Regardless of their political affiliations or opinions on the Iraq war, logistics and transportation professionals paid close attention to the compromise Iraqi war appropriations supplemental bill signed into law by President Bush in May.
The bill contained two provisions impacting supply chain security: funding for port security measures, and further details on the hotly debated pilot plan to open the border to Mexican truckers.
The bill, known as H.R. 2206, includes $110 million in additional fiscal 2007 funding for the federal Port Security Grant program, hailed by the American Association of Port Authorities (AAPA) as “a giant leap forward” to help U.S. ports secure their facilities against terrorism.

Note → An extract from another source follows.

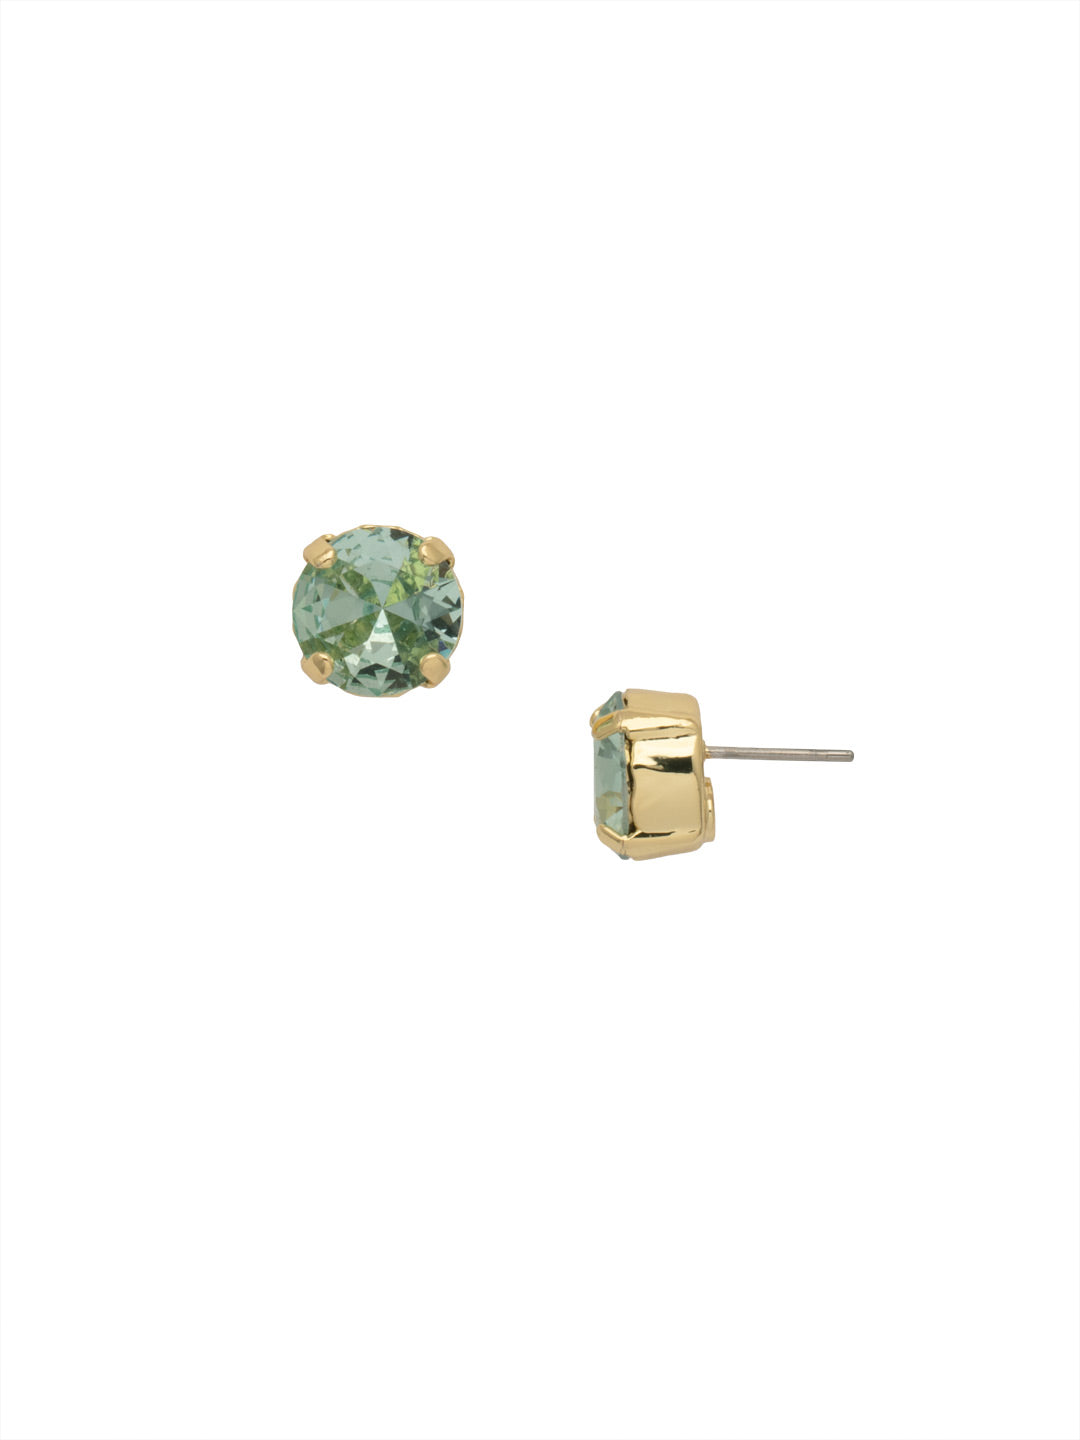 London Stud Earrings - ECM14BGSGR - <p>Everyone needs a great pair of studs. Add some classic sparkle to any occasion with these stud earrings. Need help picking a stud? <a href="https://www.sorrelli.com/blogs/sisterhood/round-stud-earrings-101-a-rundown-of-sizes-styles-and-sparkle">Check out our size guide!</a> From Sorrelli's Sage Green collection in our Bright Gold-tone finish.</p>
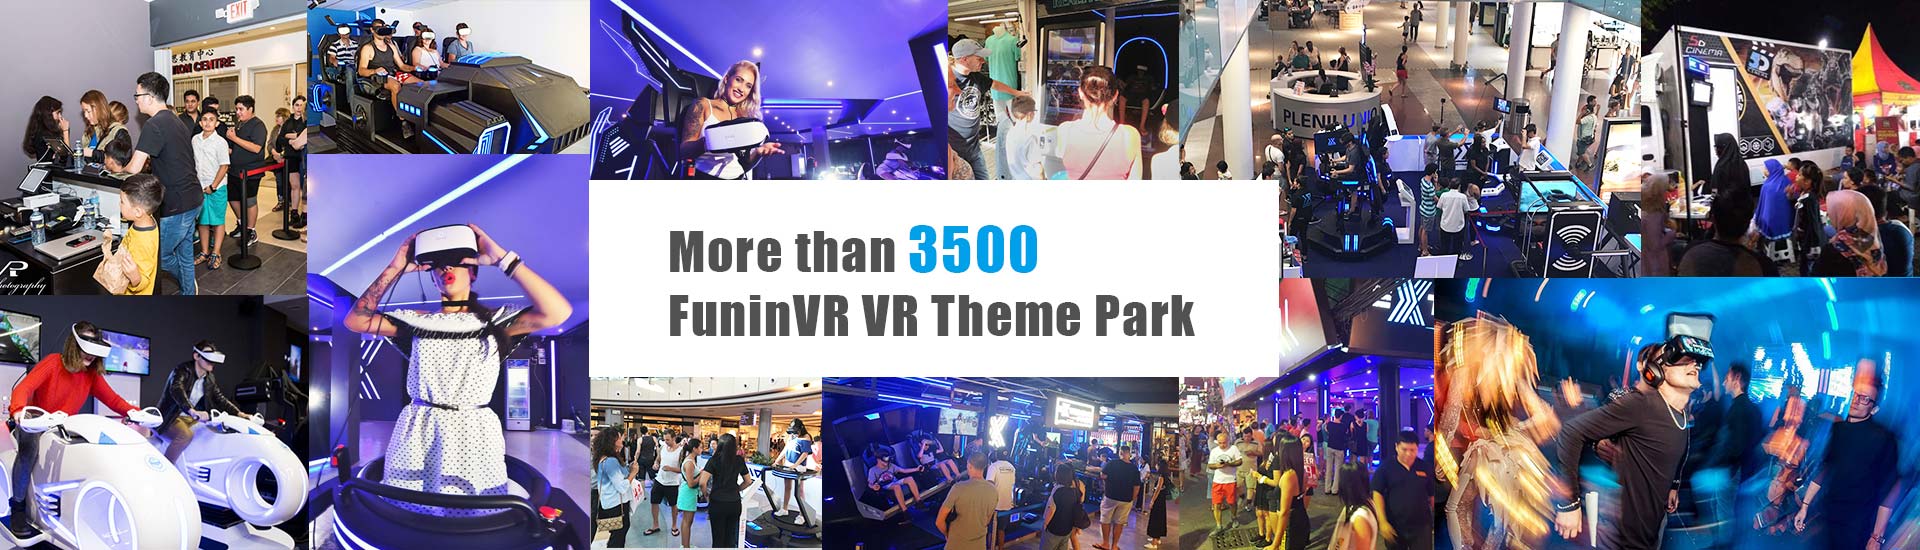 Enjoy Virtual Reality Entertainment in Germany VR Zone

Given the high cost of enhancing facility security at U.S. ports, including implementing the new Transportation Worker Identification Credential program, AAPA advocates a $400-million appropriation in fiscal 2008. The amount is an increase from 2007’s $320 million funding total – an original $210 million plus the $110 million granted in the new bill.
While the ports were seeking additional funding from the war bill, Congress sought additional safeguards for the proposed cross-border trucking pilot plan announced in April by the Department of Transportation (DOT).
The Bush Administration remains committed to implementing the cross-border program. President Bush, however, did allow the new spending bill to require that DOT get approval from its inspector general that the experimental program is in compliance with more than one dozen safety conditions laid out by Congress before it can move forward.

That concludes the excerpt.